The chitosan hydrogel has been widely appraised for drug delivery systems. However, its long gel formation time, poor drug release effect, and low drug loading capacity for hydrophobic drugs limited its wide application. Herein, the β-cyclodextrin-grafted chitosan (CD-g-CS) with different degrees of substitution (DS) was successfully synthesized from O-p-toluenesulfonyl-β-cyclodextrin (Ts-CD) and chitosan (CS). The novel thermosensitive β-cyclodextrin-grafted chitosan/glycerophosphate (CD-g-CS/GP) hydrogels were prepared in the presence of αβ-glycerophosphate (GP). The CD-g-CS/GP hydrogels had a gel time of less than 6 min and performed great injection performance. In vitro release studies revealed that the hydrogels not only had a sustained release but also enhanced the solubility and bioavailability of curcumin (CUR). And the CD-g-CS/GP hydrogel had suitable swelling behavior, porosity, and degradation rate. In addition, the hydrogels exhibited good hemocompatibility. The evaluation of the antibacterial activity indicated that CUR@CD-g-CS/GP hydrogels were effective antibacterial materials for Staphylococcus aureus and Escherichia coli . In summary, the results suggested that the CD-g-CS/GP hydrogel might be used as a potential biodegradable smart drug-sustained release system for the controlled release of hydrophobic drugs, which has broad application prospects in the field of biomedicine. Graphical Abstract Preparation of CUR@CD-g-CS/GP hydrogel. First, the prepared CD-g-CS was dissolved in 0.1 M HAc solution. The GP powder was dissolved in distilled water to prepare a GP solution of 50% (w/v).

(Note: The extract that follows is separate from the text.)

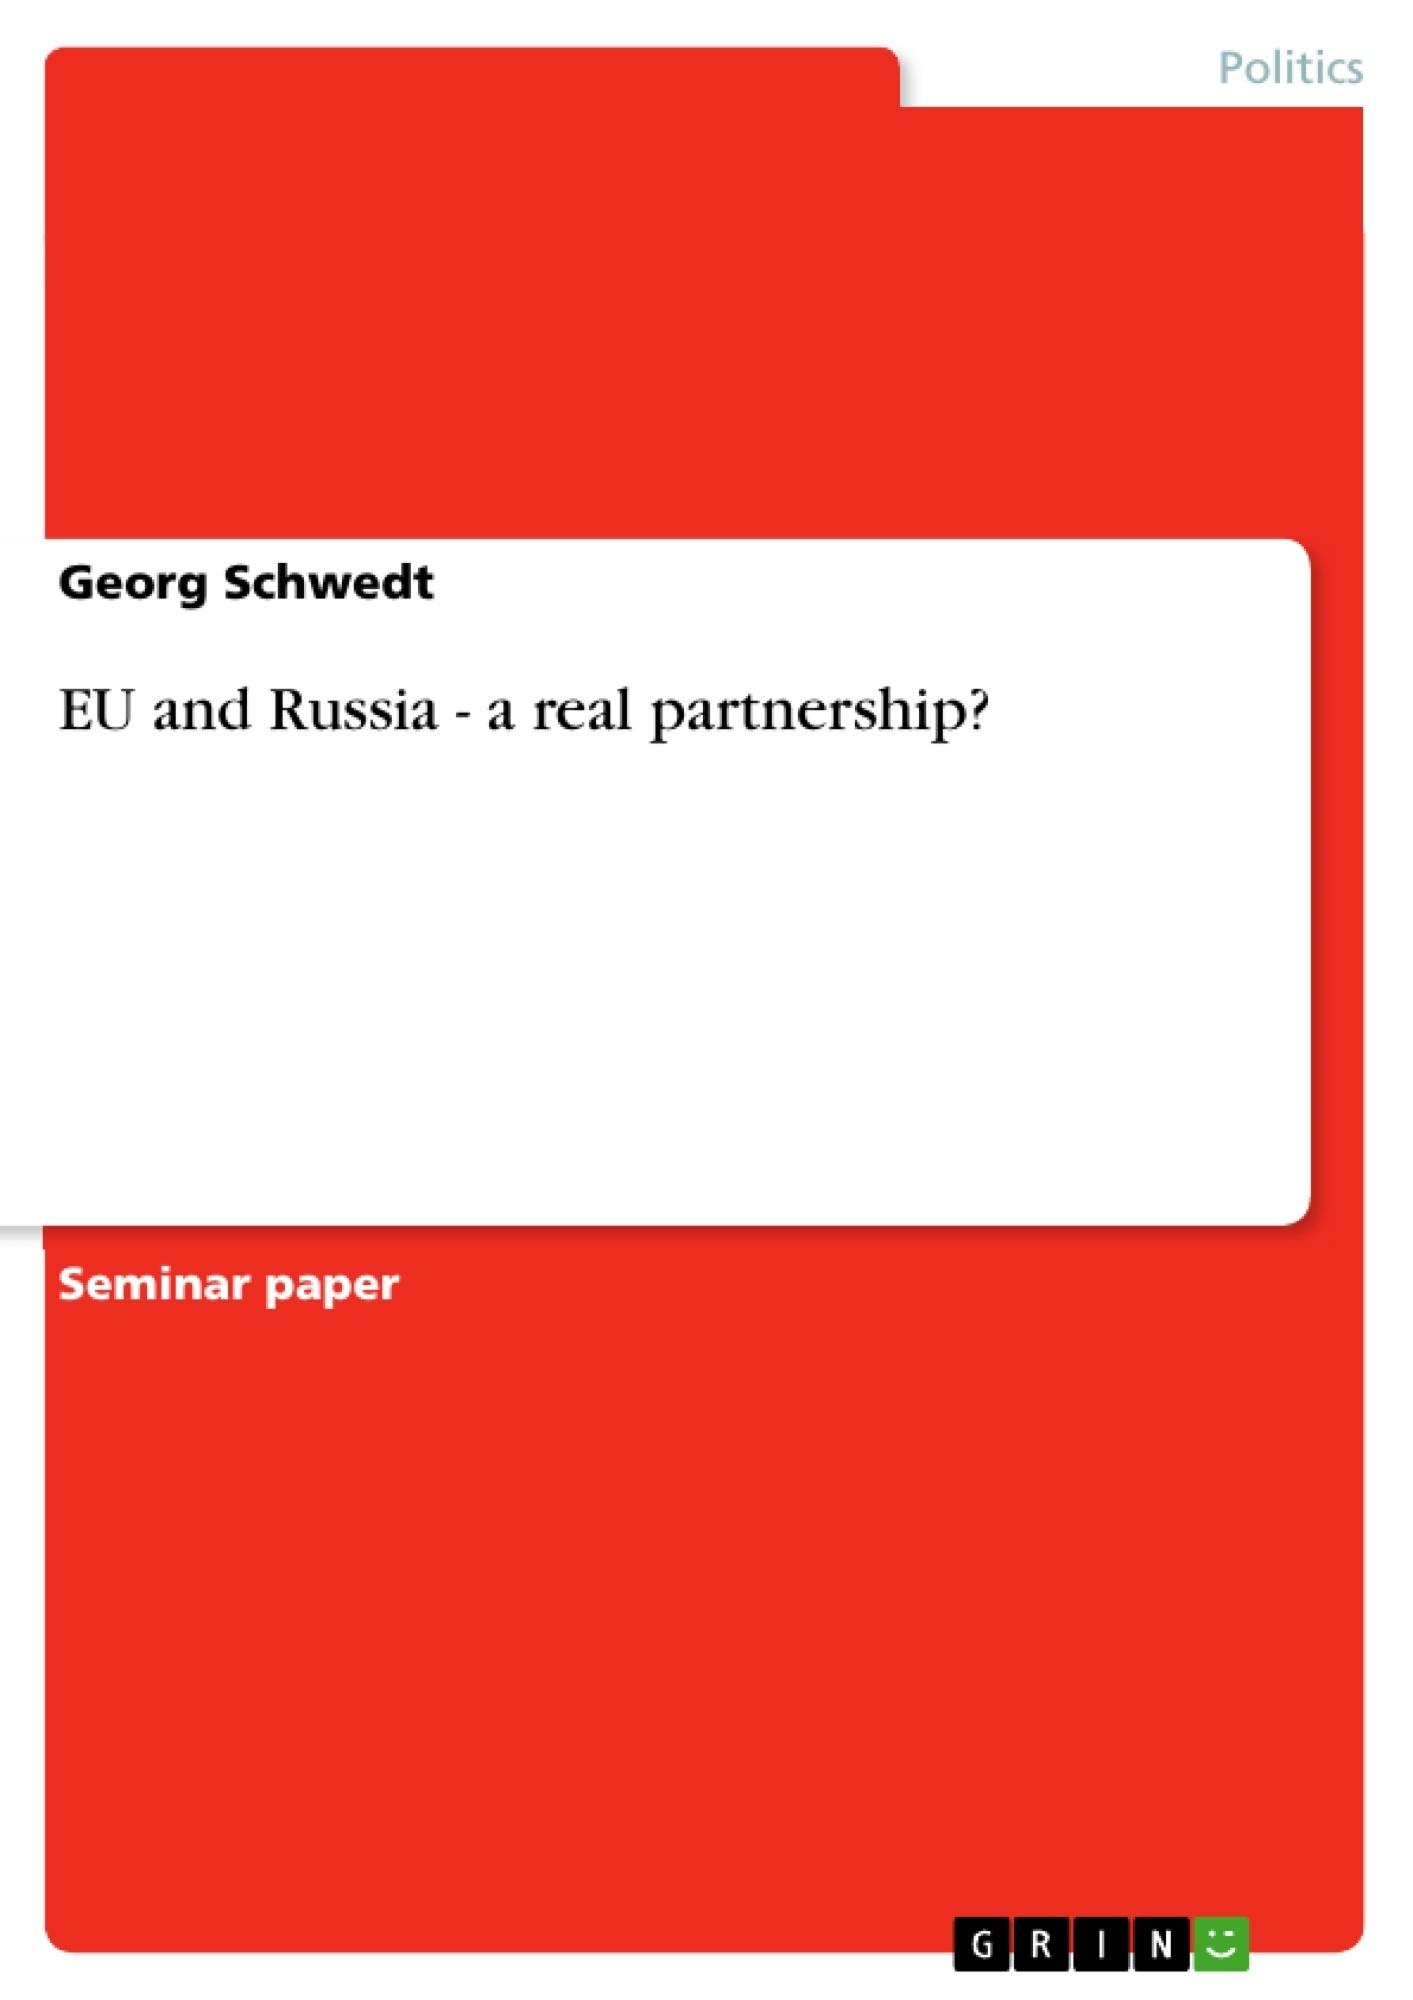 Title: EU and Russia - a real partnership?

Next, the GP solution was added dropwise to the CD-g-CS solution and stirred in an ice bath. Finally, the CD-g-CS/GP hydrogel was obtained. The hydrogel-loaded CUR (CUR@CD-g-CS/GP) was prepared by adding CUR to the CD-g-CS solution. After incubation at 37 °C, the system changed from a sol to a gel state. The gel was placed in a release medium and the drug molecules were released from the system.